Beate Hundhammer from the Norwegian Cancer Society says that cancer patients also have a 10 times higher risk of getting sepsis.
“Cancer is a tough enough disease without getting sepsis,” she said.
And because of concerns about overuse of antibiotics and the development of antibiotic resistance, those who get sepsis may not get the most effective treatment, she said.
It wasn't a bad joke
Gry Hege Henriksen lost her hands and feet. It wasn’t a bad joke.
But she didn’t lose her motivation, and after a year the oil engineer was back at work.
She feels lucky, after all. None of the other sepsis patients she has met have managed to get back to work. A lot of them are in wheelchairs.
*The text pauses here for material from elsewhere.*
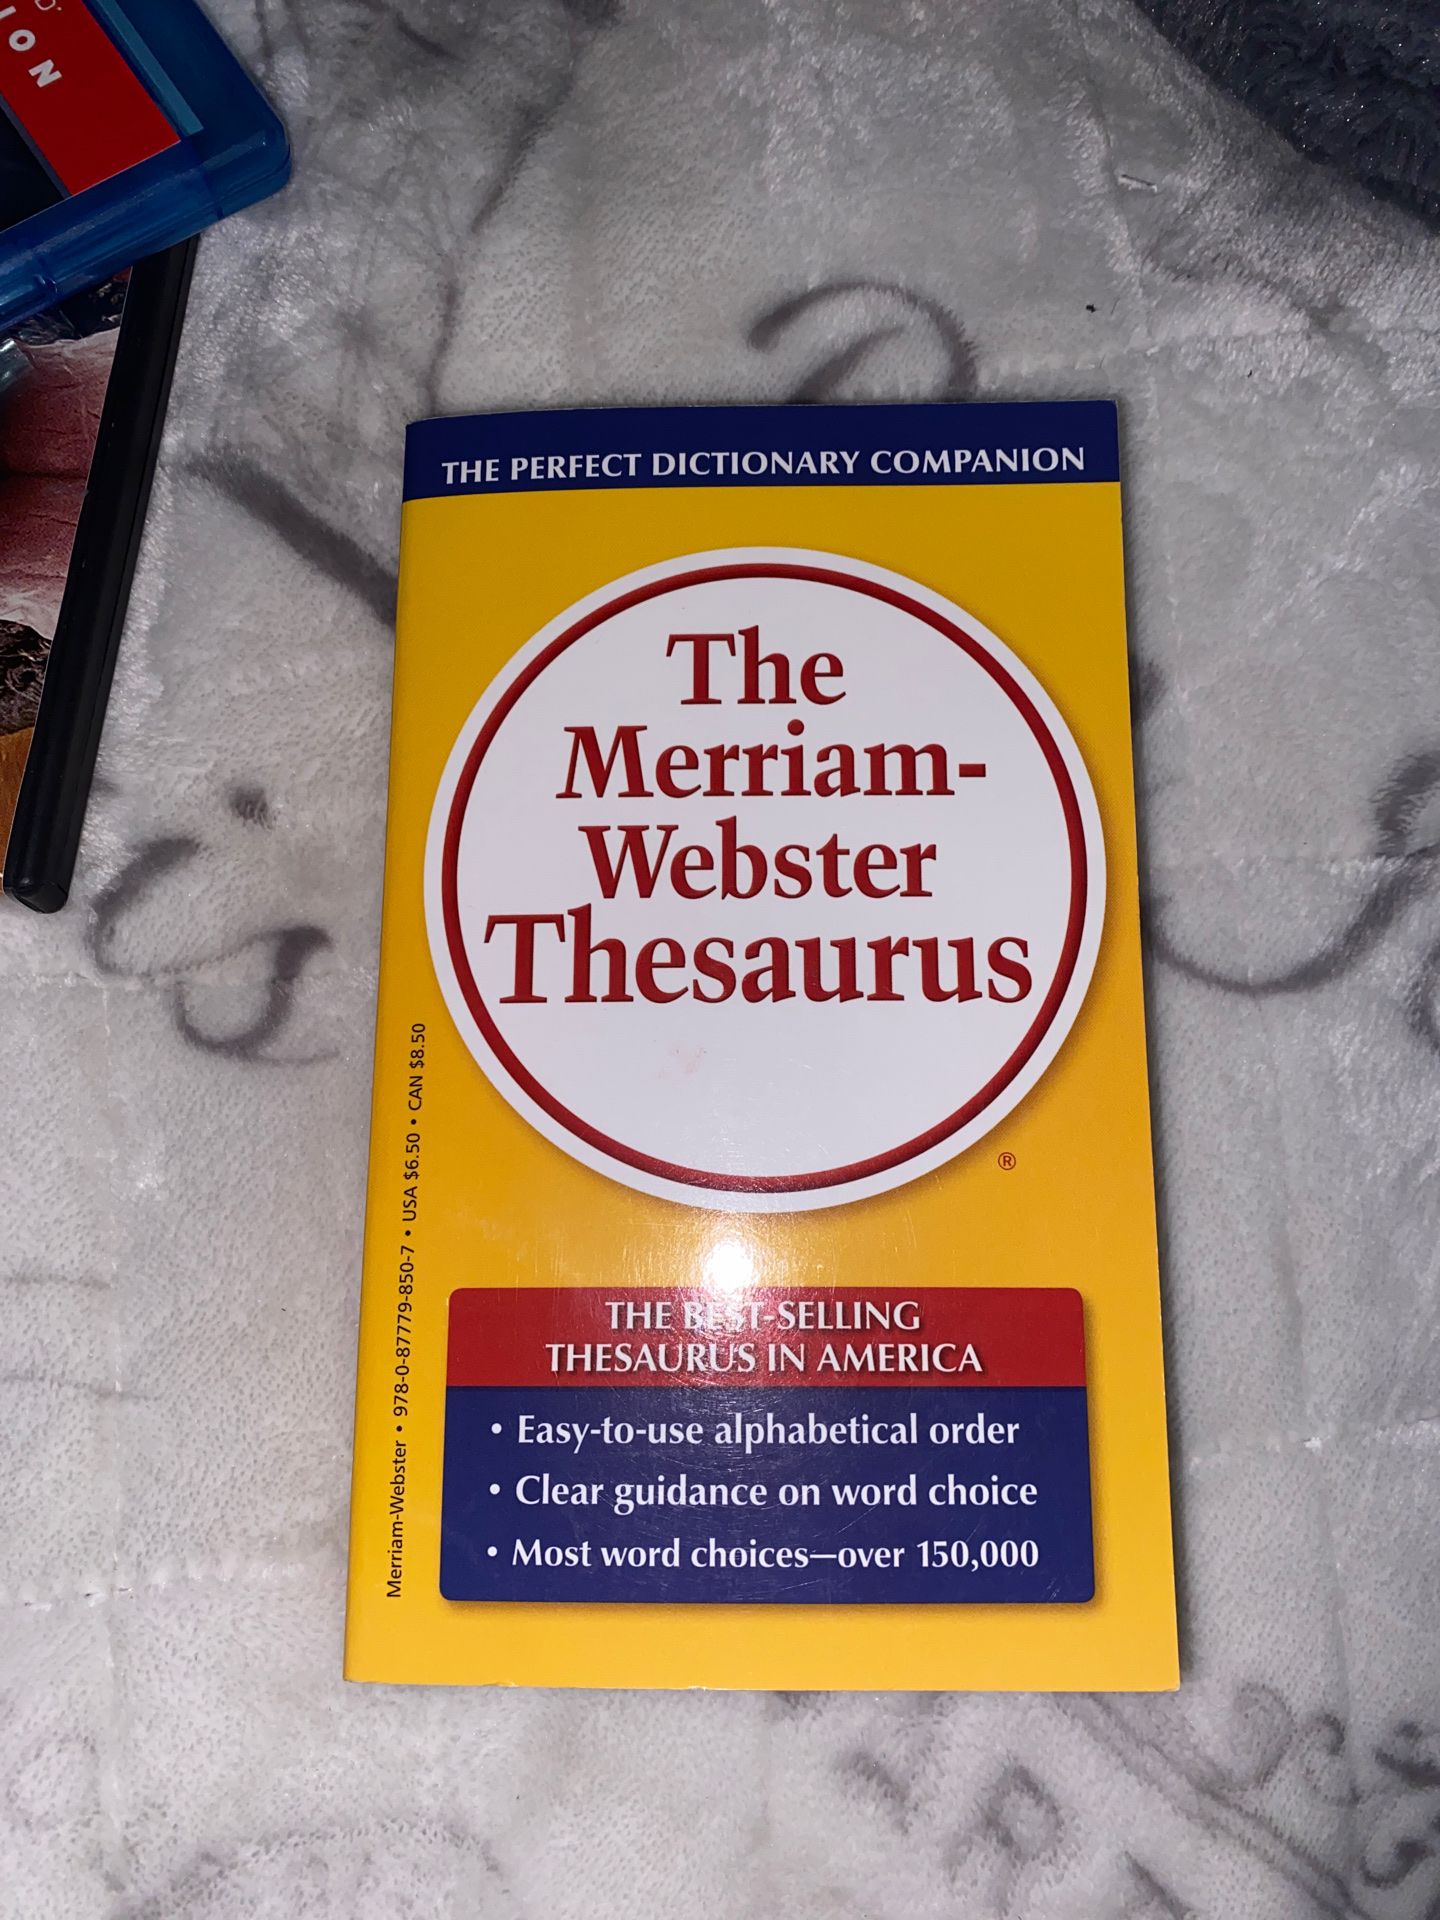 Brand new thesaurus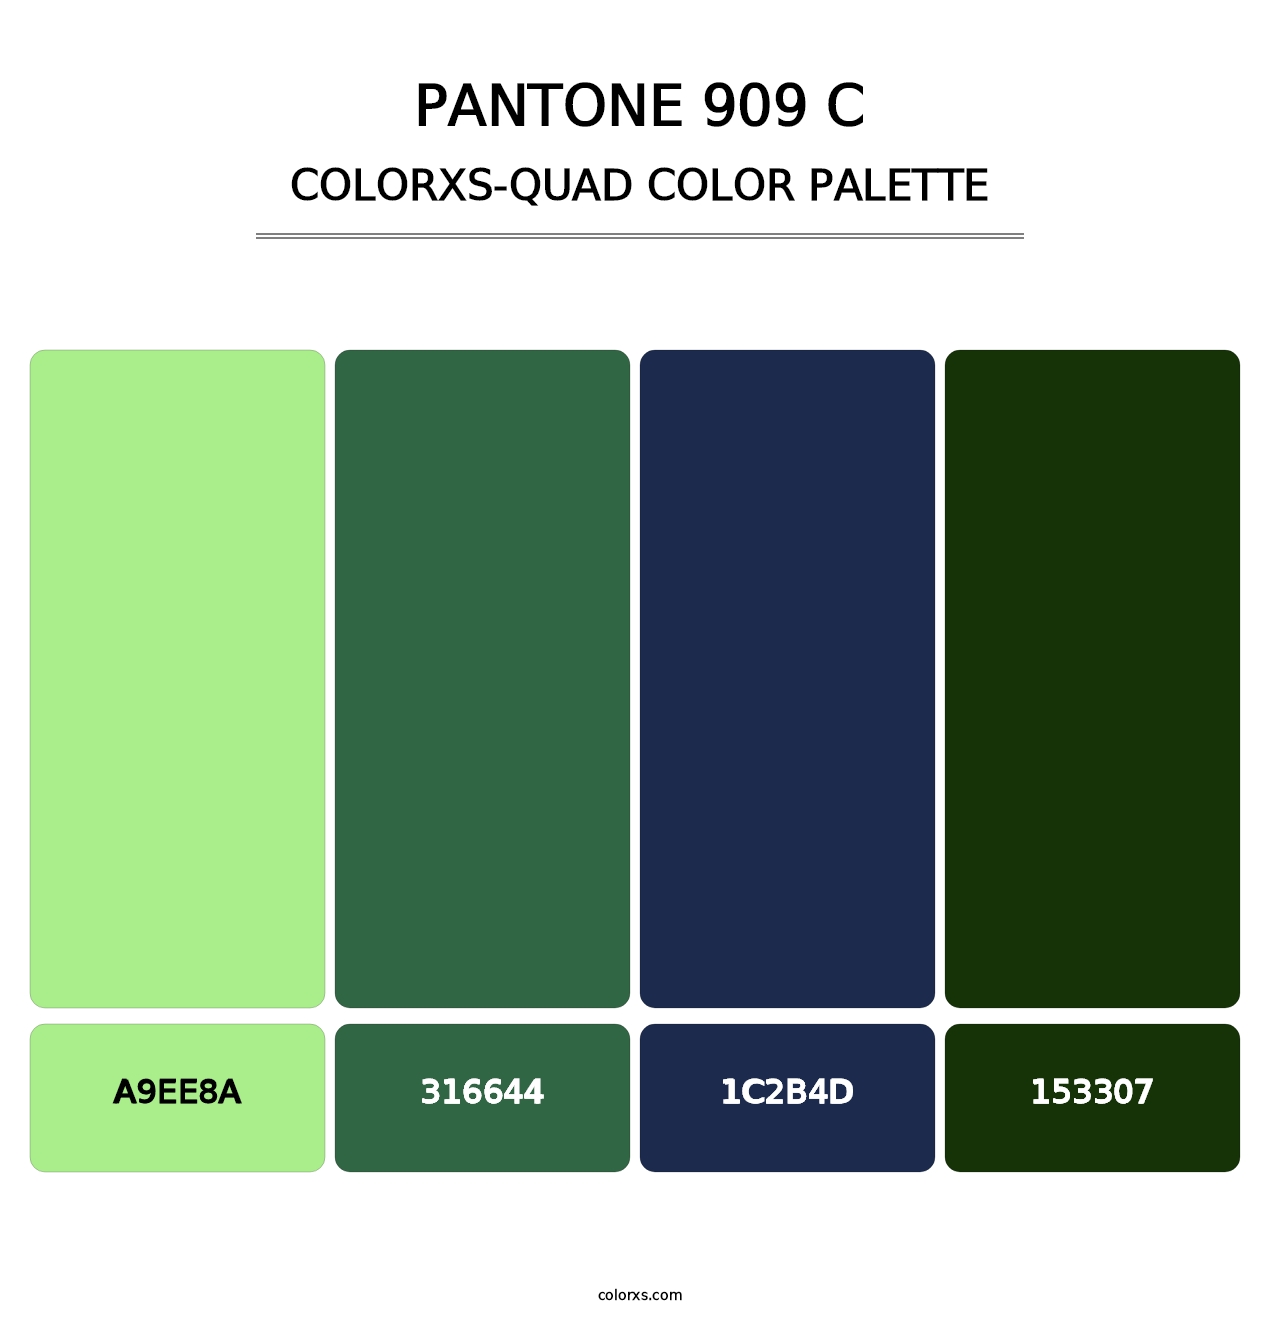 PANTONE 909 C - Colorxs Quad Palette

Henriksen has prostheses for her hands and feet that need to be attached in the morning and taken off at night.
Like Solligård, Henriksen thinks more information is vital.
“I just read online that those who have had sepsis before are at higher risk for another infection. Nobody has ever told me this.”
Nobody has ever told her that some people are more genetically prone to get sepsis either.
“This is information I would have liked to have”, she said.